Nothing breeds confidence like recent success, and there’s no shortage of confident investors these days.
Two months ago on Jan.19, the S&P 500 hit an all-time high for the first time in two years. In the trading days since then, the benchmark has set new highs in nearly half of them.
Equities remain hot, momentum remains positive, and as a result, there’s a strong chance your portfolio is now meaningfully overweight stocks.
If you’re wondering, “Should I rebalance?” the answer is probably, “Yes.”
Most investors are familiar with the benefits of rebalancing but less disciplined when it comes to doing it. If you (or your adviser) have done the work to determine 80% equities, 15% bonds and 5% cash is your most appropriate allocation, then “letting things ride” when stocks grow to 88% would therefore be inappropriate.

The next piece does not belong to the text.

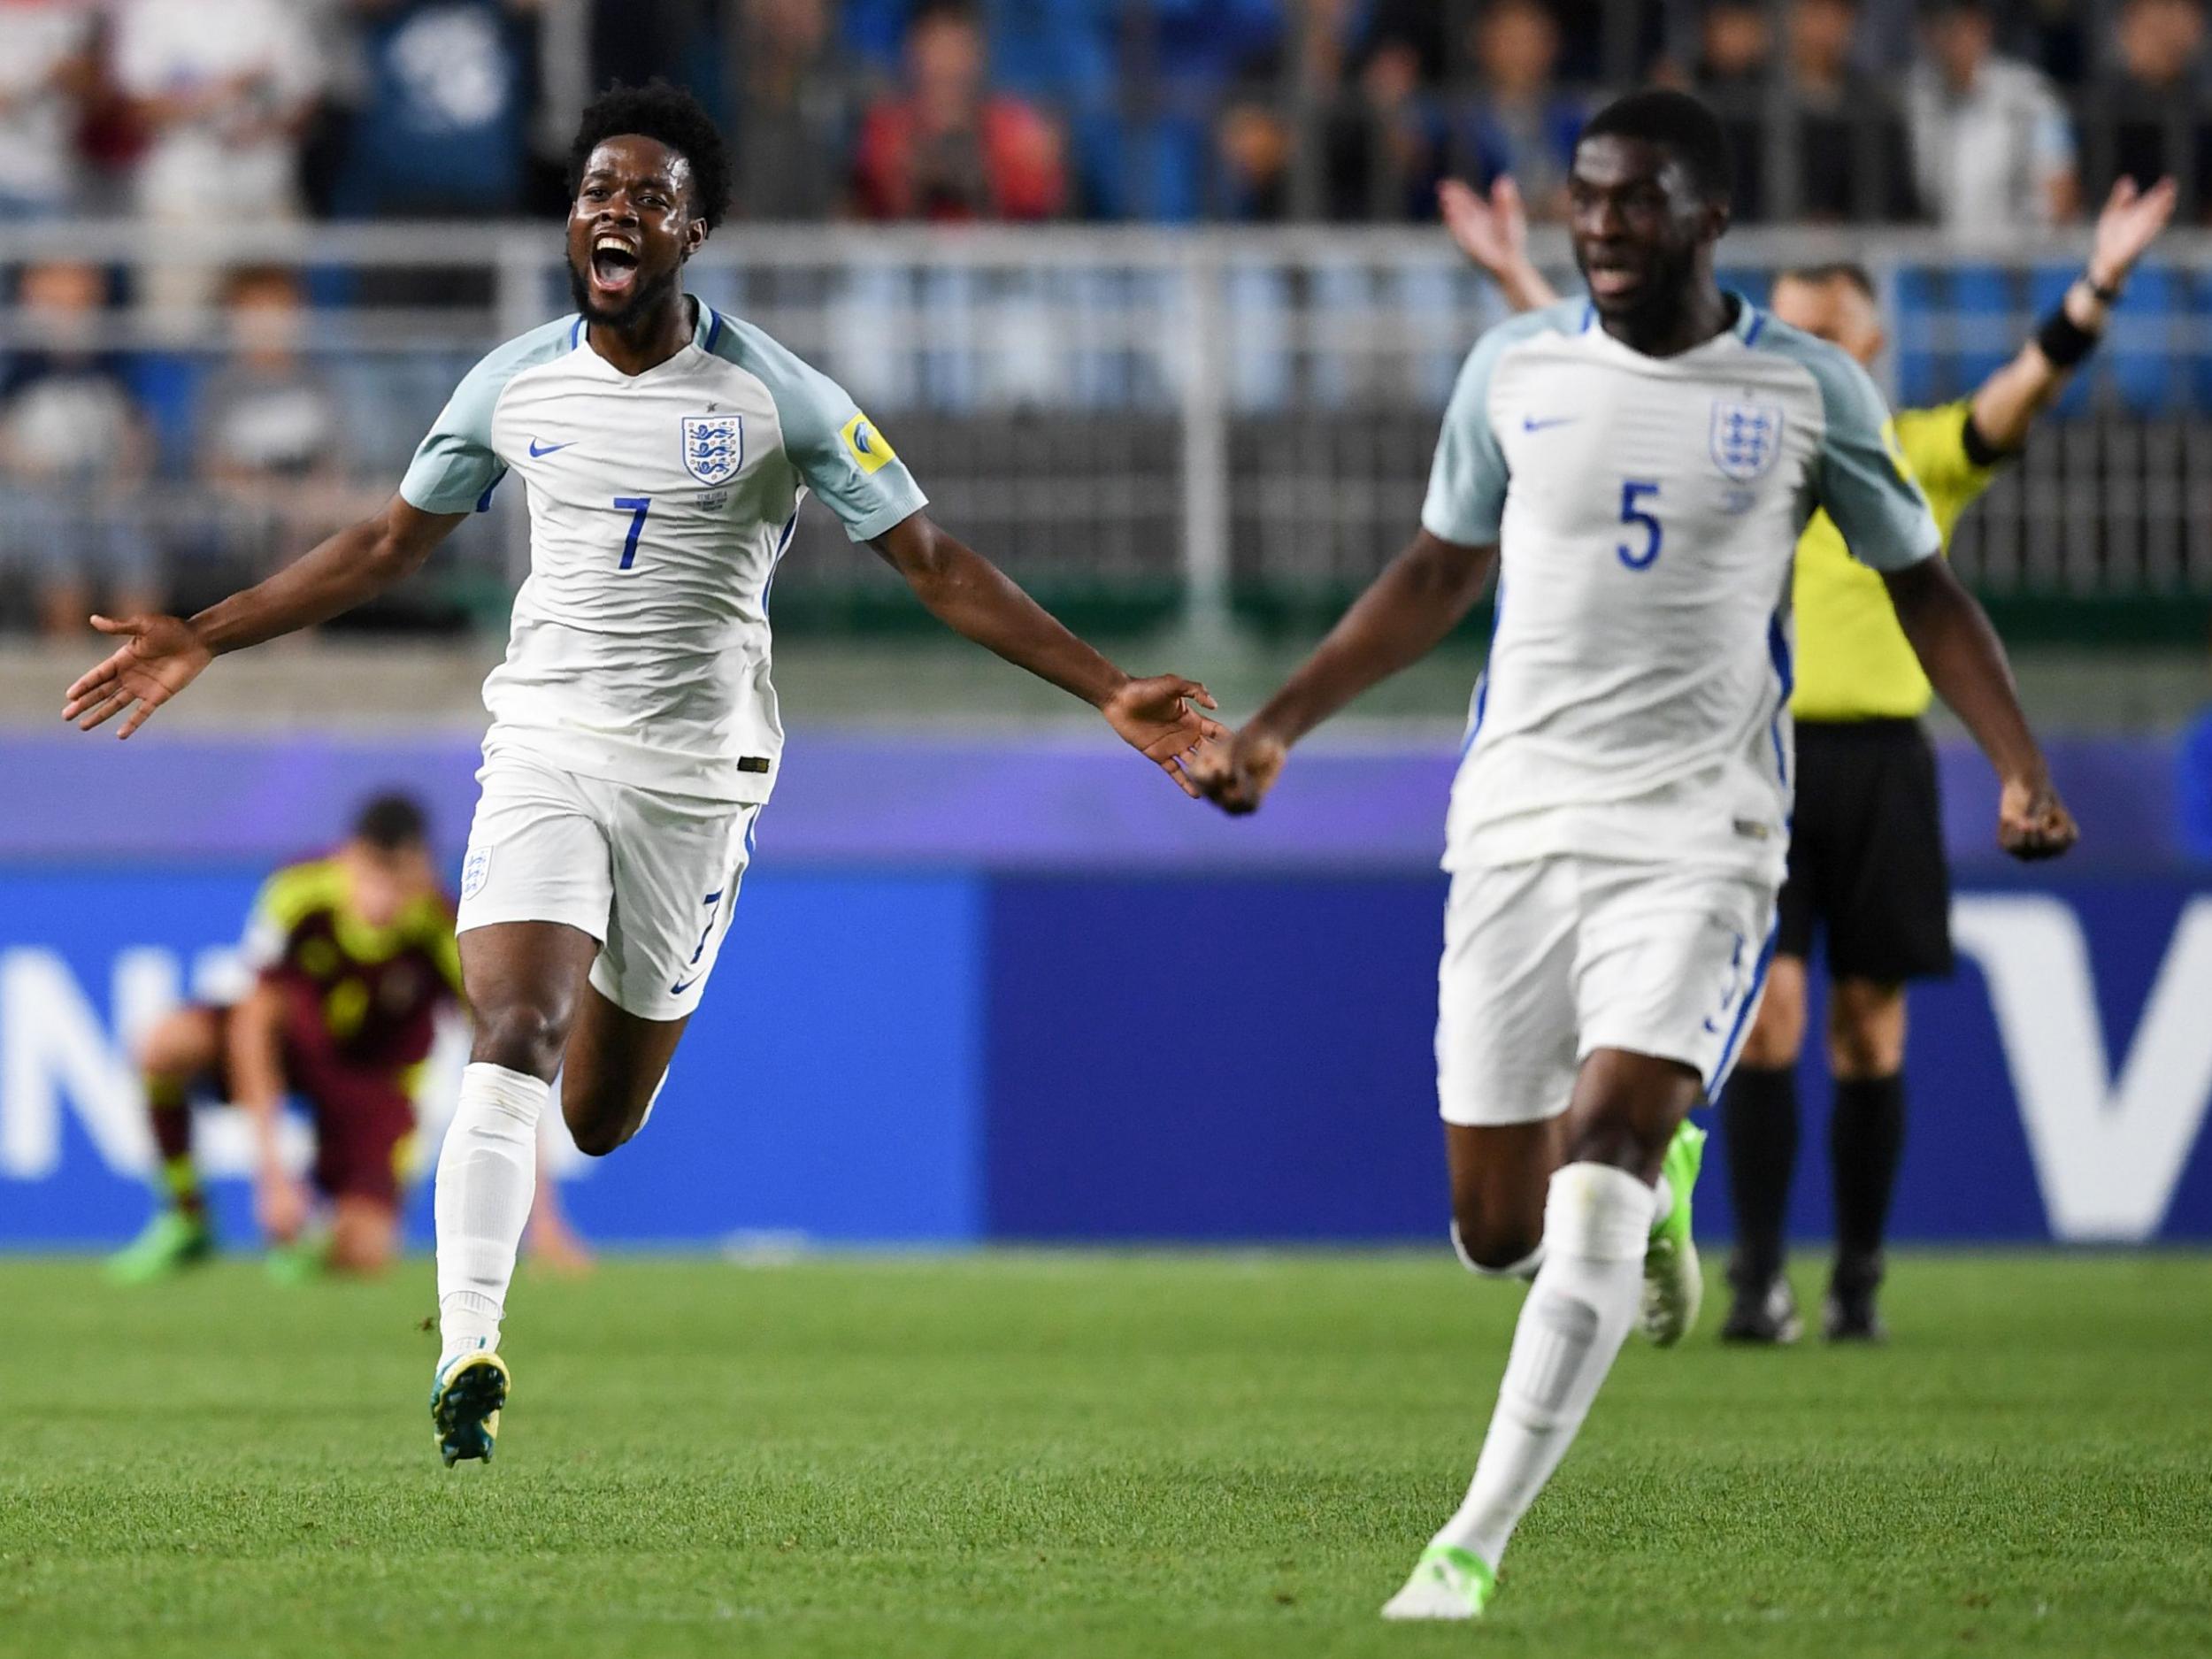 England had never before won the U20 World Cup

Rebalancing effectively forces investors to buy low and sell high (who doesn’t want that?), but egos and emotions tend to get in the way of smart decisions. Case in point: If equities become a larger slice of your financial pie because stocks have rallied, it’s natural to feel like the uptrend will continue. When the opposite occurs, and stocks fall significantly, most people feel vulnerable and prefer to avoid increasing risk.

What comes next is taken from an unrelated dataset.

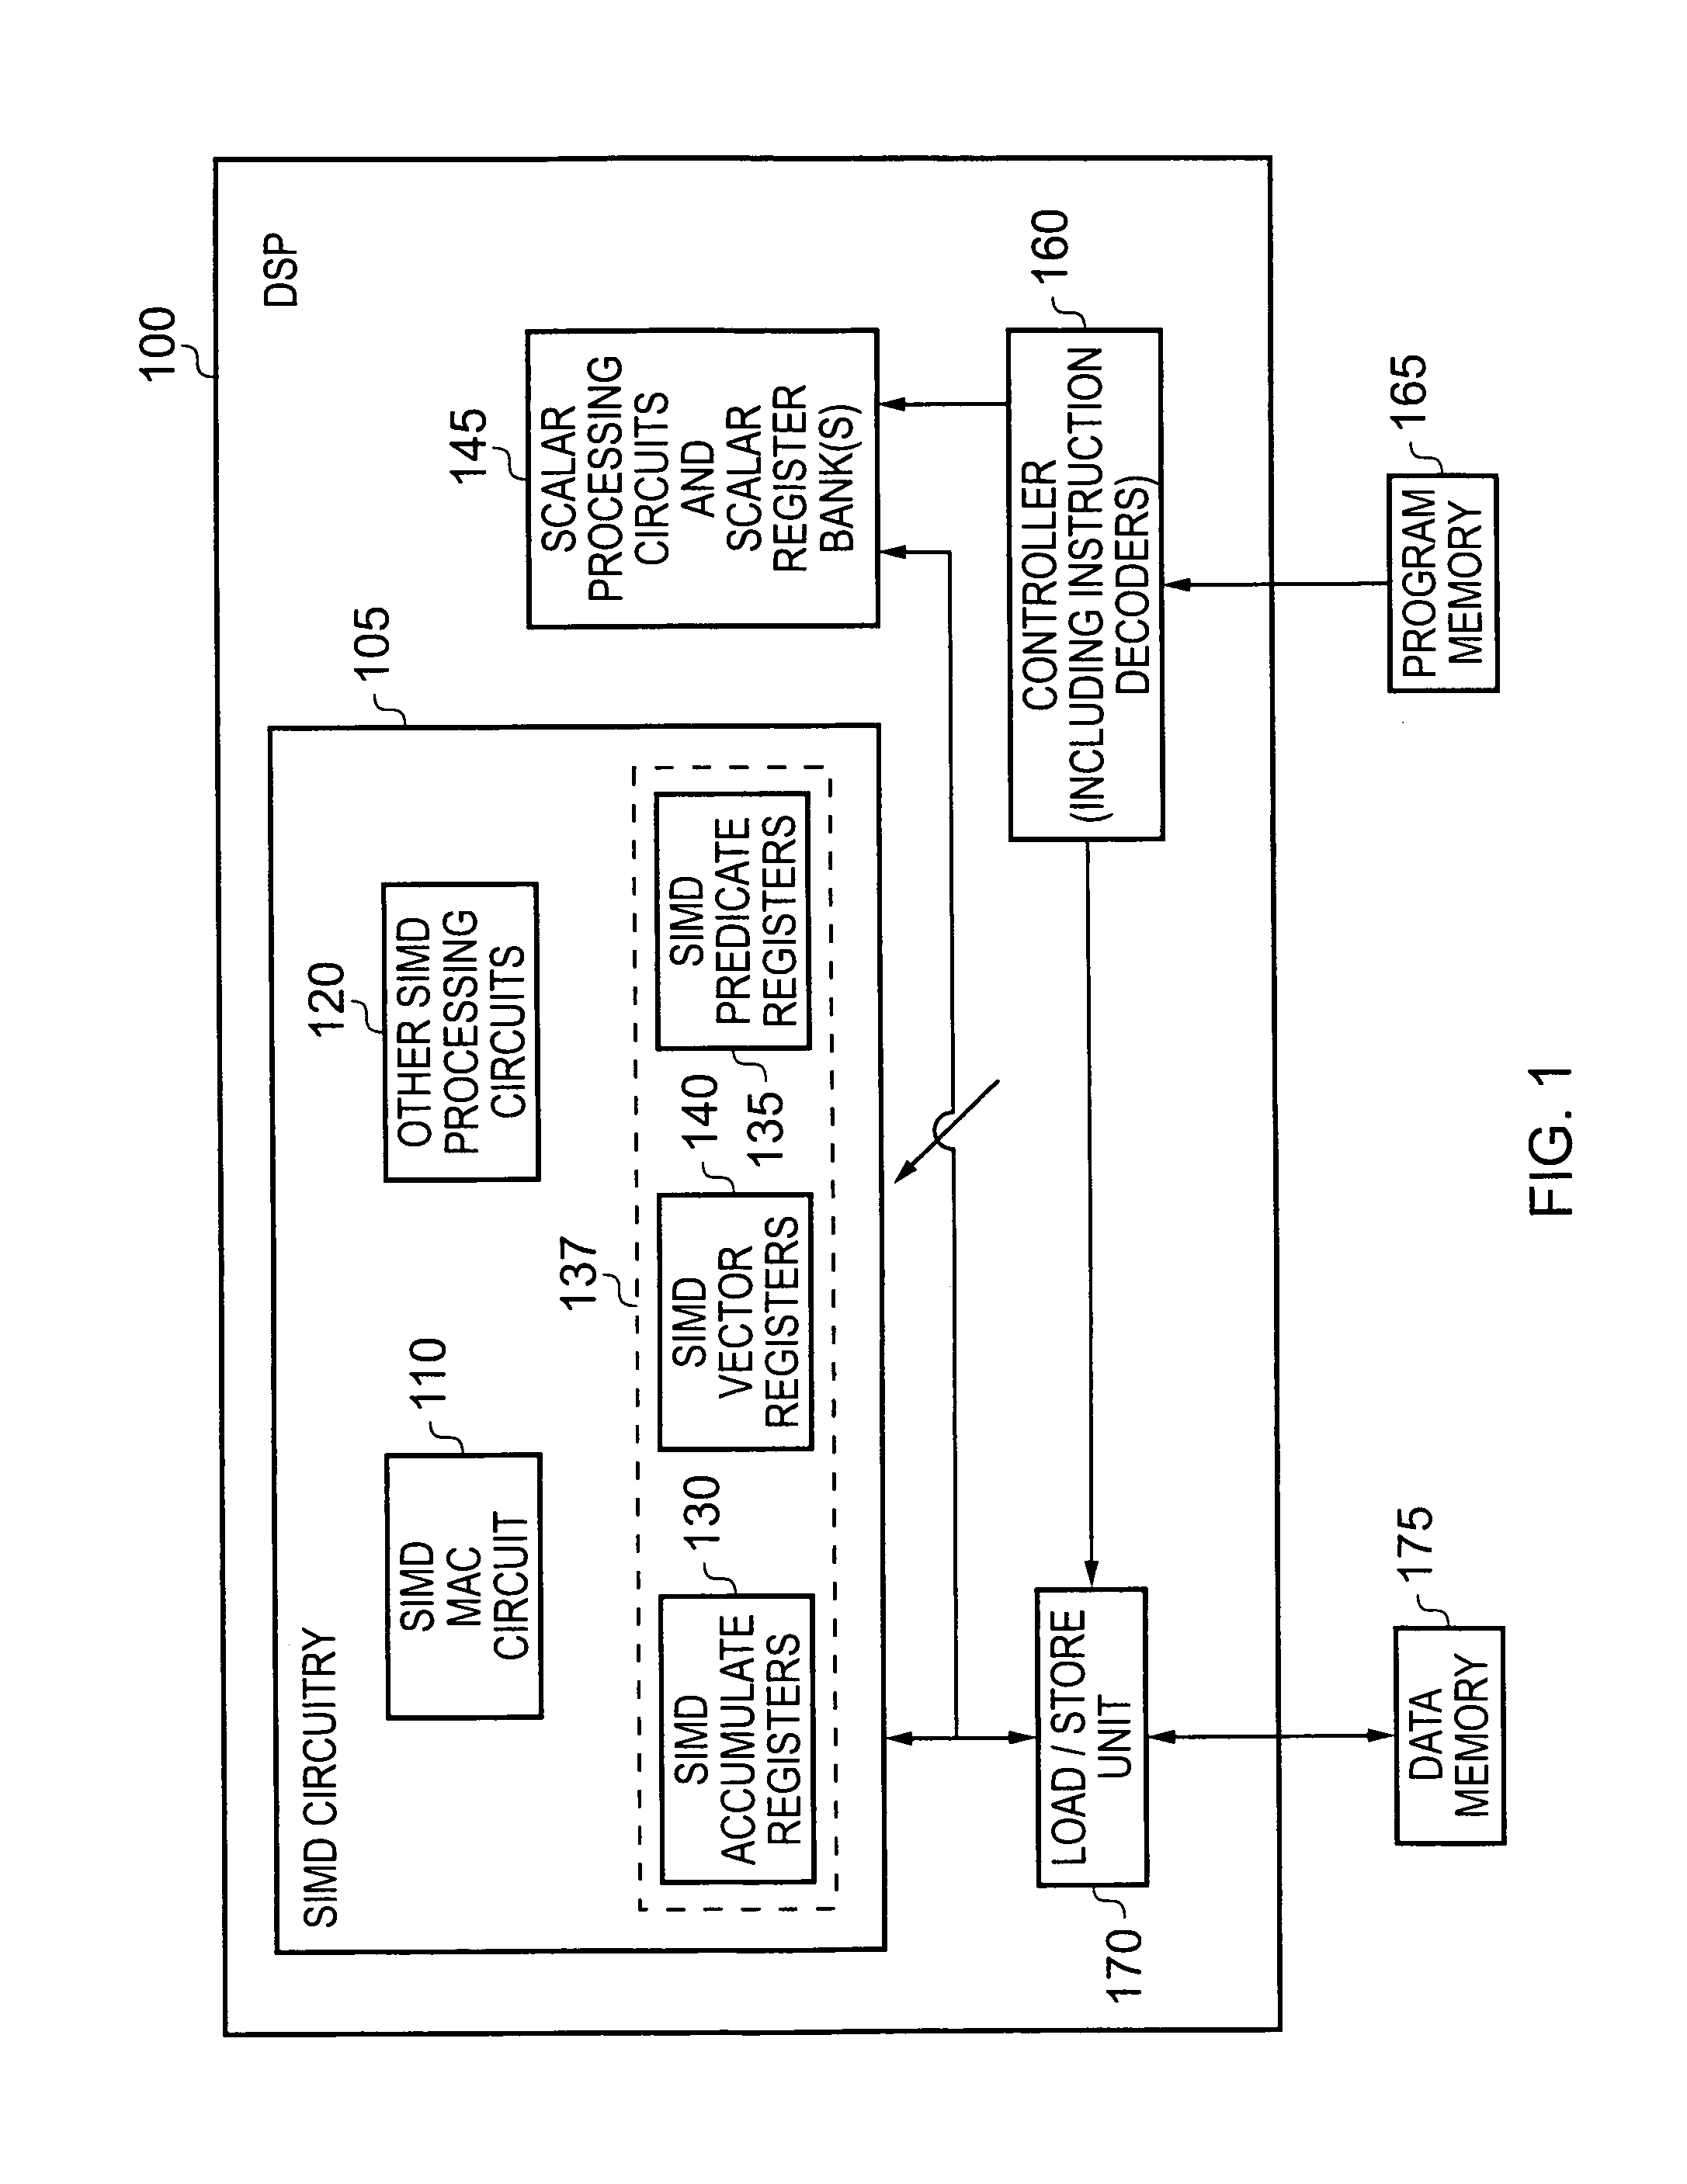 Apparatus and method for performing multiply-accumulate operations

In both situations, it’s easy to convince yourself not to rebalance. Our advice: Don’t fall for that emotional cop-out. As long as your target allocation is sound, there is rarely a bad time to rebalance.

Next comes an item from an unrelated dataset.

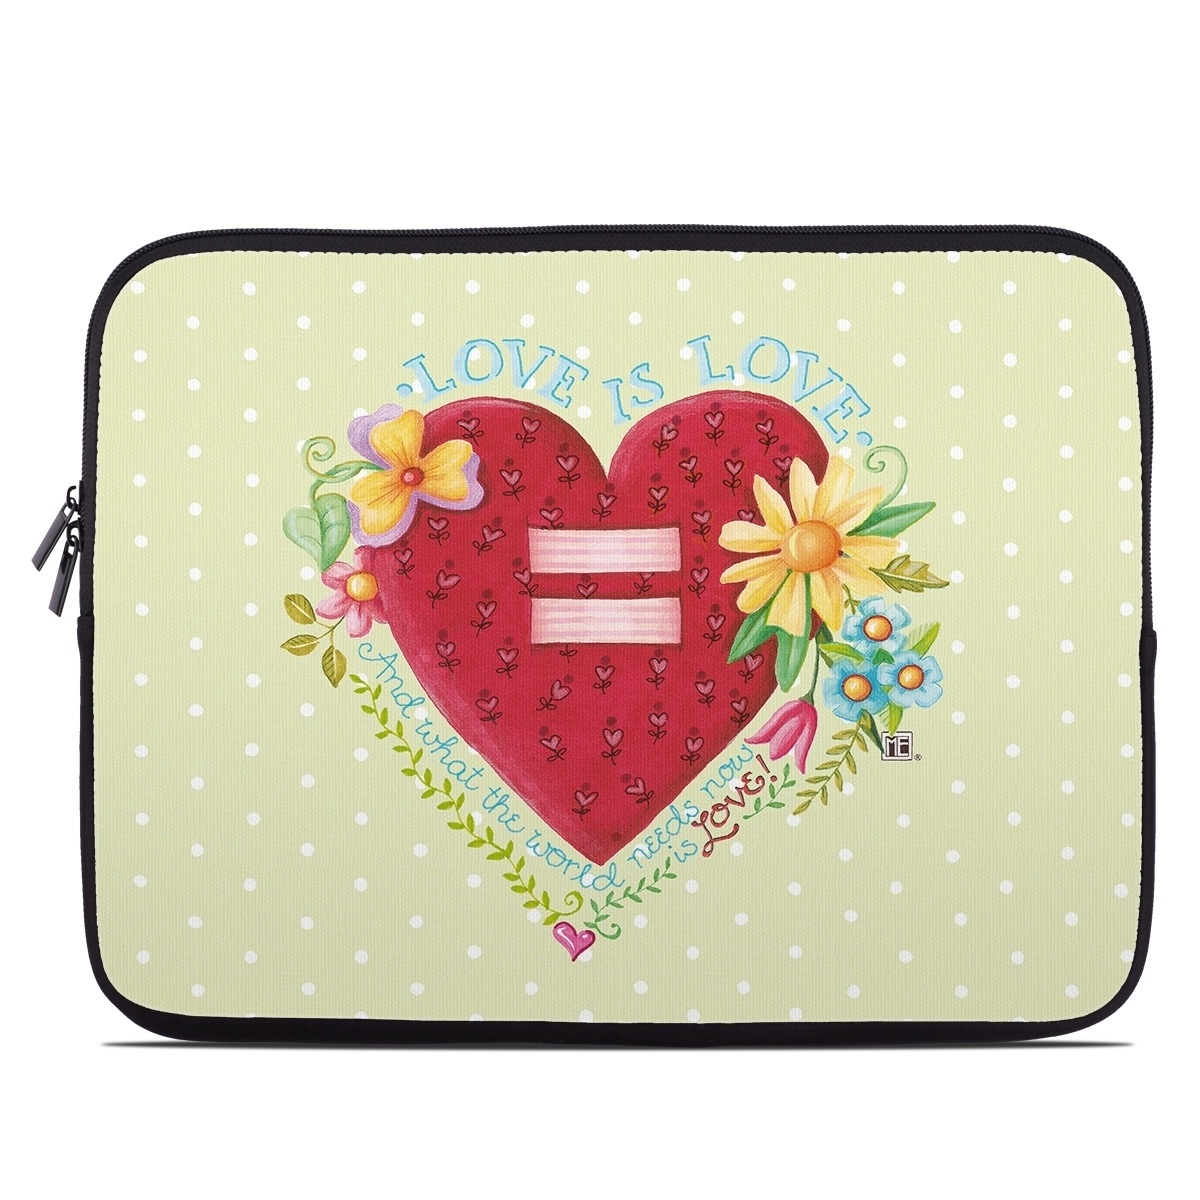 Laptop Sleeve - Love Is What We Need (Image 1)

There is, however, more than one path to accomplish this. If you are subject to Required Minimum Distributions (RMD) from your retirement accounts, go ahead and satisfy those sooner rather than later. You’ll need to transfer the assets to a different account by year-end anyway, so why not sell stocks while the S&P is near all-time highs? If you owe state or federal taxes following your 2023 tax filing, you can use your IRA withdrawal toward that purpose.